# Werkstat Acrylic Kit Advice



## B0DSKI (Nov 25, 2011)

Spent 5 hours or so yesterday detailing my 2009 Championship White Civic Type R with the Werkstat Acrylic kit. 

I've previously only ever used wax on my cars (Mainly Dodo Supernatural) but reading up on the Werkstat kit I thought I'd give it a go on the CTR.

My routine was.
Wash with Werkstat Auto Shampoo.
Dry with Dodo Juice Microfibre
Clayed with Born to be slippy lube & Supernatural clay
Polished with Menzerna 203s using a German applicator
Then the Werkstat Acrylic kit. ( 1 coat of Prime followed by 2 coats of Jett)

I have to say I'm not that happy with the results. The finish seems to lack depth and reflectivity. Certainly no better than it was using Dodo Supernatural wax. 

Am I expecting too much on a white car ? I realise that it's a difficult colour to get a great finish on but I was expecting more after seeing some of the finishes that Polished Bliss got using the same kit.


----------



## organisys (Jan 3, 2012)

The Kit's biggest strength to me is in bringing out flake pop on light coloured metallics.
I've not used it on a white car, but I'd assume you should get a nice crisp clean look, rather than more of a warm glow though? which is what you might be more used to with the DJ SN?


----------



## Grommit (May 3, 2011)

Yeah it should look really Glossy. 1 prime 2 of Jett, but I always give a coat of Glos to finish. Never been underwhelmed by using it. Im trying other products now but its still great to use.

G


----------



## B0DSKI (Nov 25, 2011)

I've got the Glos but didn't use it. Might give it a coat tonight to see how that looks.

Here's how it looks now.


----------



## Grommit (May 3, 2011)

Yeah maybe give it a go......problem with white is its generally a flat colour, so to get gloss and shine out of it would make it better.


----------



## horned yo (Feb 10, 2009)

The kit is really meant to be used together which is probably why you are not impressed. I have used it on many white cars and its pretty special stuff


----------



## B0DSKI (Nov 25, 2011)

The way I read it I though the GLOS was a quick detailer to be used after washing. Serve me right for not reading up properly


----------



## horned yo (Feb 10, 2009)

BUT YOUR TYPE R IS LIKE AN OFF WHITE WHICH MIGHT BE HAVING AN EFFECT. i HAVE ONLY EVER USED IT ON BRILLIANT WHITE. i DO LIKE THE WERK SEALANT


----------



## B0DSKI (Nov 25, 2011)

Agree it is a creamy white. I'll do the coat of GLOS when I get in tonight and hope the finish comes up better


----------



## great gonzo (Nov 4, 2010)

I have used the werkstatt kit and never liked the finish it gave on my silver Subaru.
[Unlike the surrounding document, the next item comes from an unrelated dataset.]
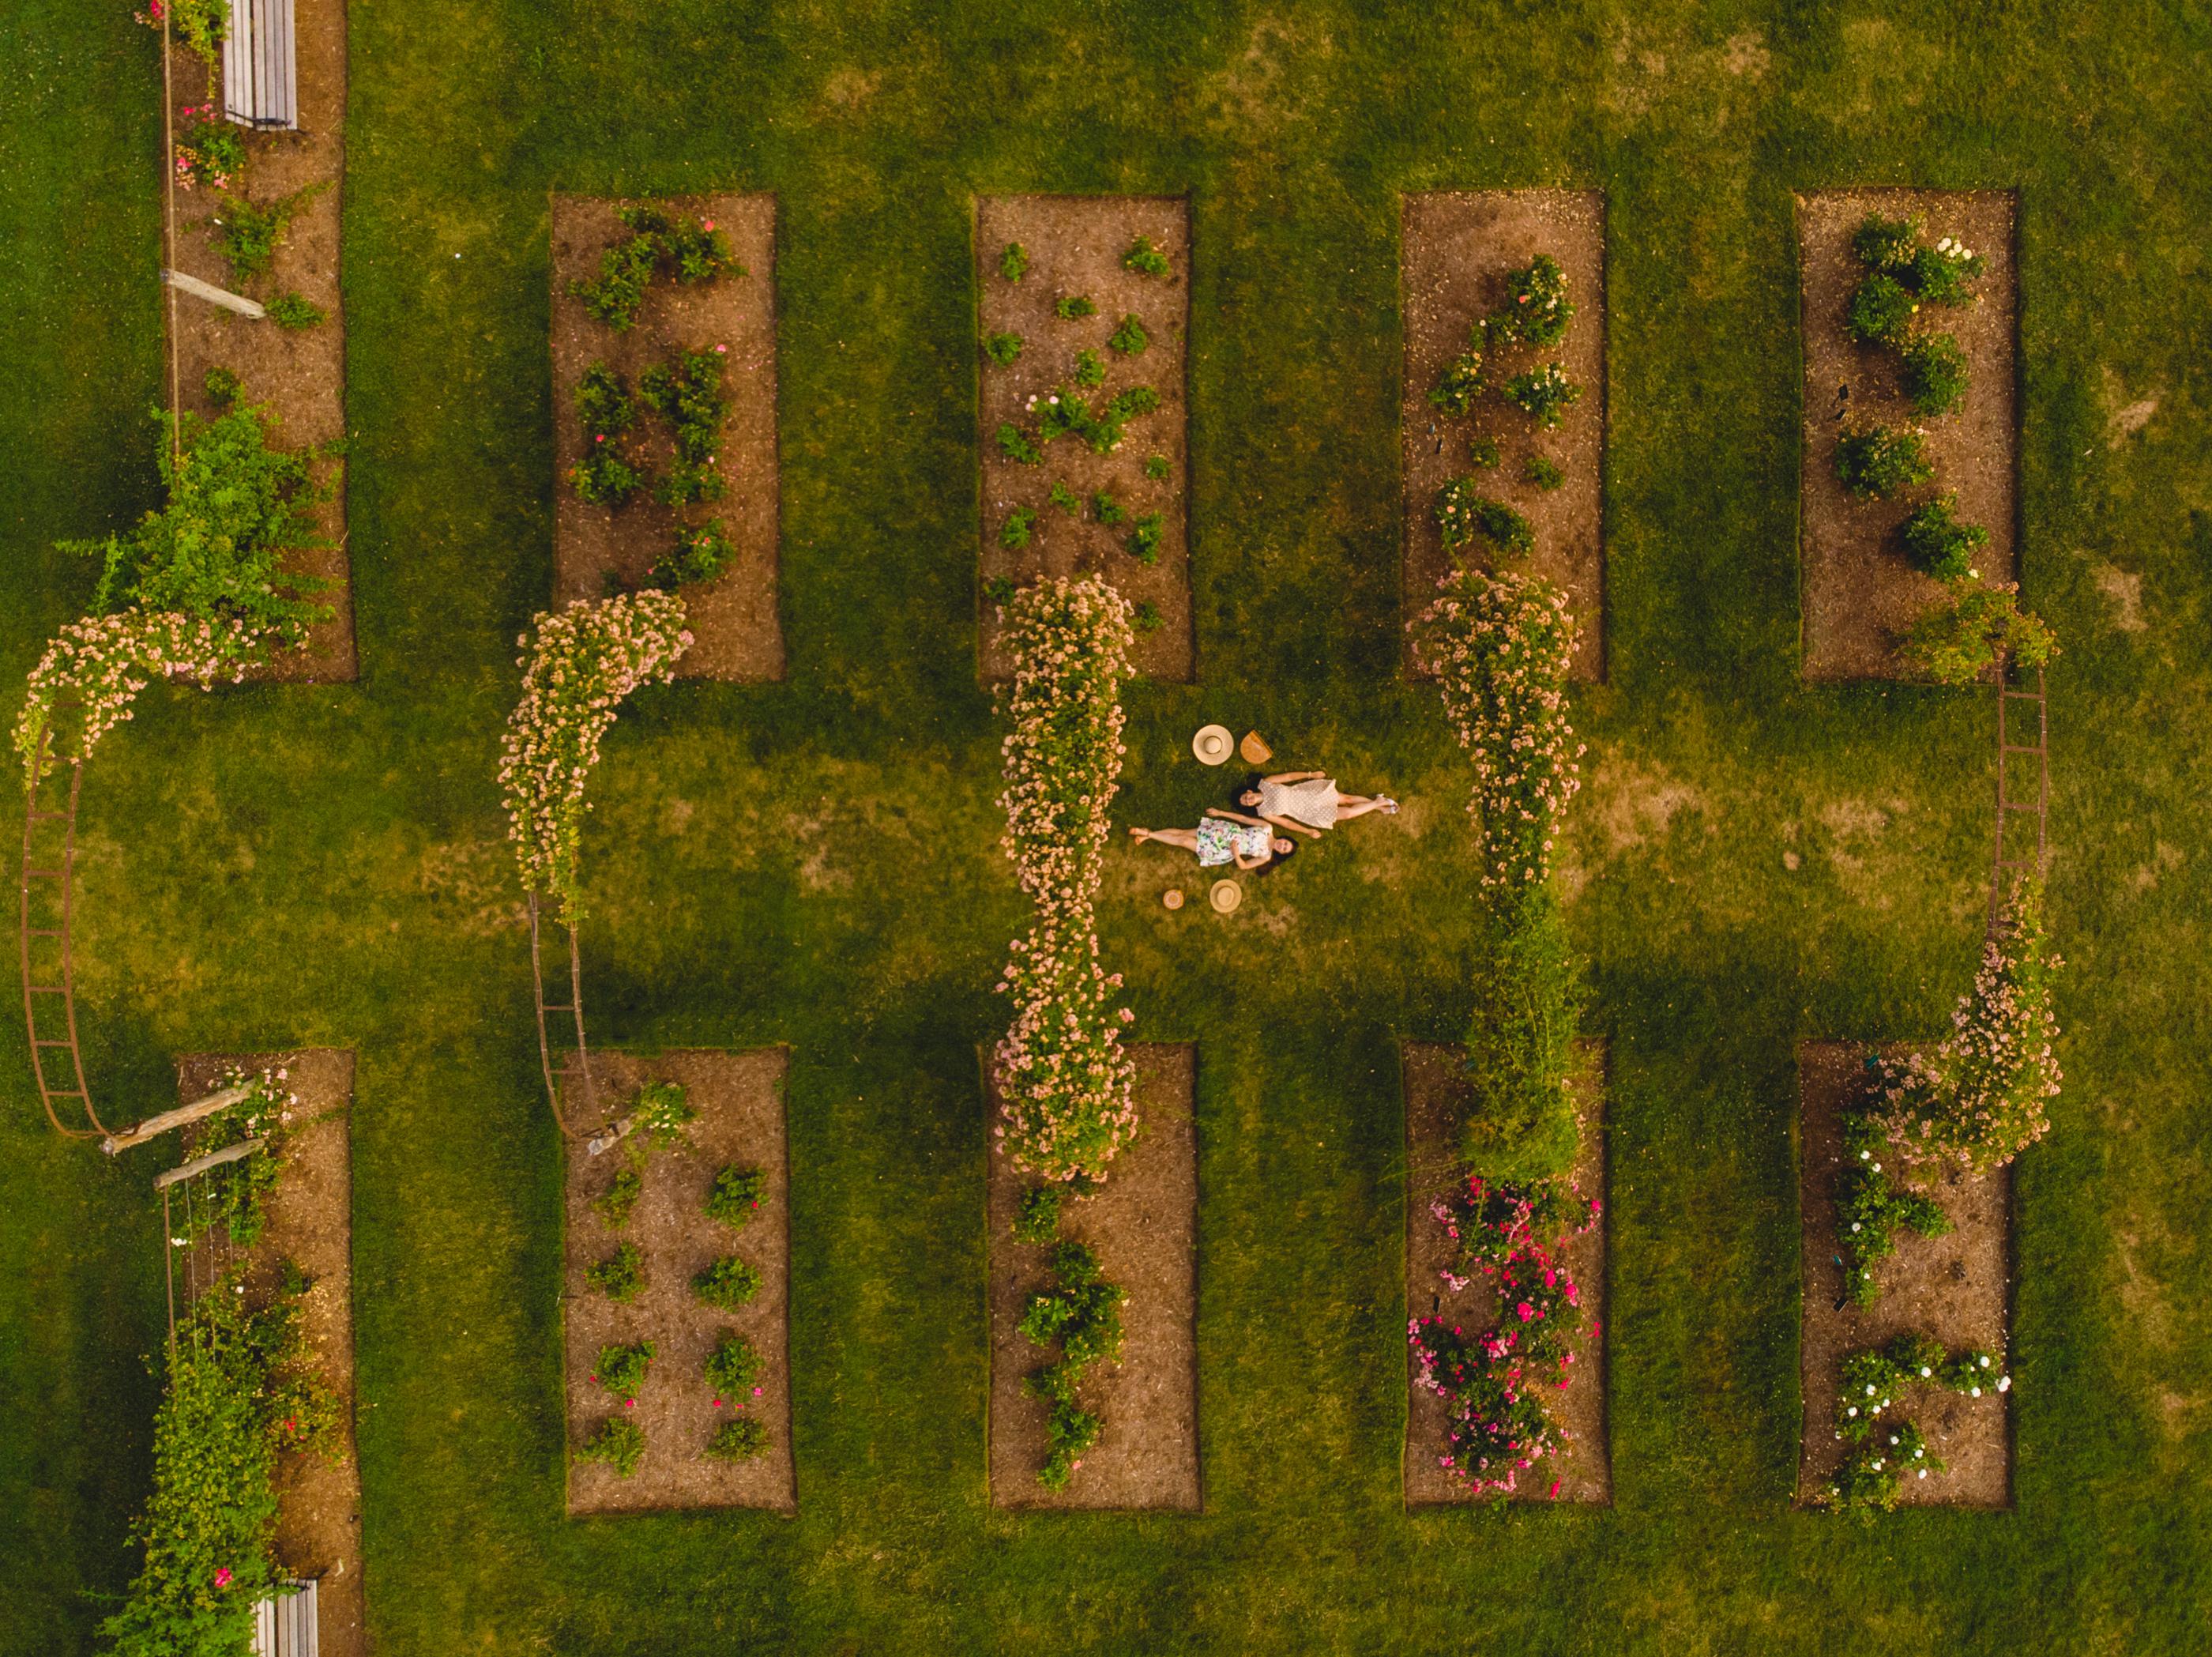 Elizabeth Park Drone Photos

I went back to the dodo waxes and was blown away by the nicer finish. The prime is a very good paint cleaner tho and the gloss is a good quick detailer I just think that the trigger lets it down, I also don't like the fact you have to put loads of coats on to achieve standard looks. Durability is not as good as quoted either.


----------



## JakeWhite (Oct 14, 2011)

I've not used the werkstat kit but I have been trying to find a combo to get my white e36 really glossy. I think I've finally settled on Autobrite extreme glaze 1 coat, 2 coats of Seal & protect, 2 coats of Project 32:


----------



## great gonzo (Nov 4, 2010)

Sounds like a nice combo :thumb:


----------



## B0DSKI (Nov 25, 2011)

I always used to use Dodo Supernatural on my 01G silver Impreza and loved the results. Maybe I should of stuck to what i knew


----------



## Th3Doctor (Feb 2, 2010)

Not sure but was I talking to you about this via PM on CIVINFO?


----------



## wanner69 (Mar 14, 2010)

I've been using SNH and topping with V7 but wanted to try werkstatt and I am getting a far better finish now than I ever did. Check out some pics I uploaded in the reflection thread. Mines the RS white megane nr the top of the last page
http://www.detailingworld.co.uk/forum/showthread.php?t=194940&page=31&highlight=Reflection


----------



## B0DSKI (Nov 25, 2011)

Th3Doctor said:


> Not sure but was I talking to you about this via PM on CIVINFO?


Certainly was fella


----------



## B0DSKI (Nov 25, 2011)

wanner69 said:


> I've been using SNH and topping with V7 but wanted to try werkstatt and I am getting a far better finish now than I ever did. Check out some pics I uploaded in the reflection thread. Mines the RS white megane nr the top of the last page
> http://www.detailingworld.co.uk/forum/showthread.php?t=194940&page=31&highlight=Reflection


Civinfo too 

Looks a whole lot better than mine!! Sh1t Honda paint ??


----------



## Grommit (May 3, 2011)

Heres my car with the Werkstat. Should notice it shine and be as glossy as you like.

Lick it !


----------



## B0DSKI (Nov 25, 2011)

Looks great fella. Just been looking over mine and tbh the finish seems to lack the gloss of a wax, and the feel of the paint is almost dry if that makes sense?? None of the gloss or liquid look that the above picture has.


----------



## steve67 (Jun 26, 2010)

here's my golf with werkstat, i'm quite happy with the finish, but as ever i want better depth etc.


----------



## Grommit (May 3, 2011)

B0DSKI said:


> Looks great fella. Just been looking over mine and tbh the finish seems to lack the gloss of a wax, and the feel of the paint is almost dry if that makes sense?? None of the gloss or liquid look that the above picture has.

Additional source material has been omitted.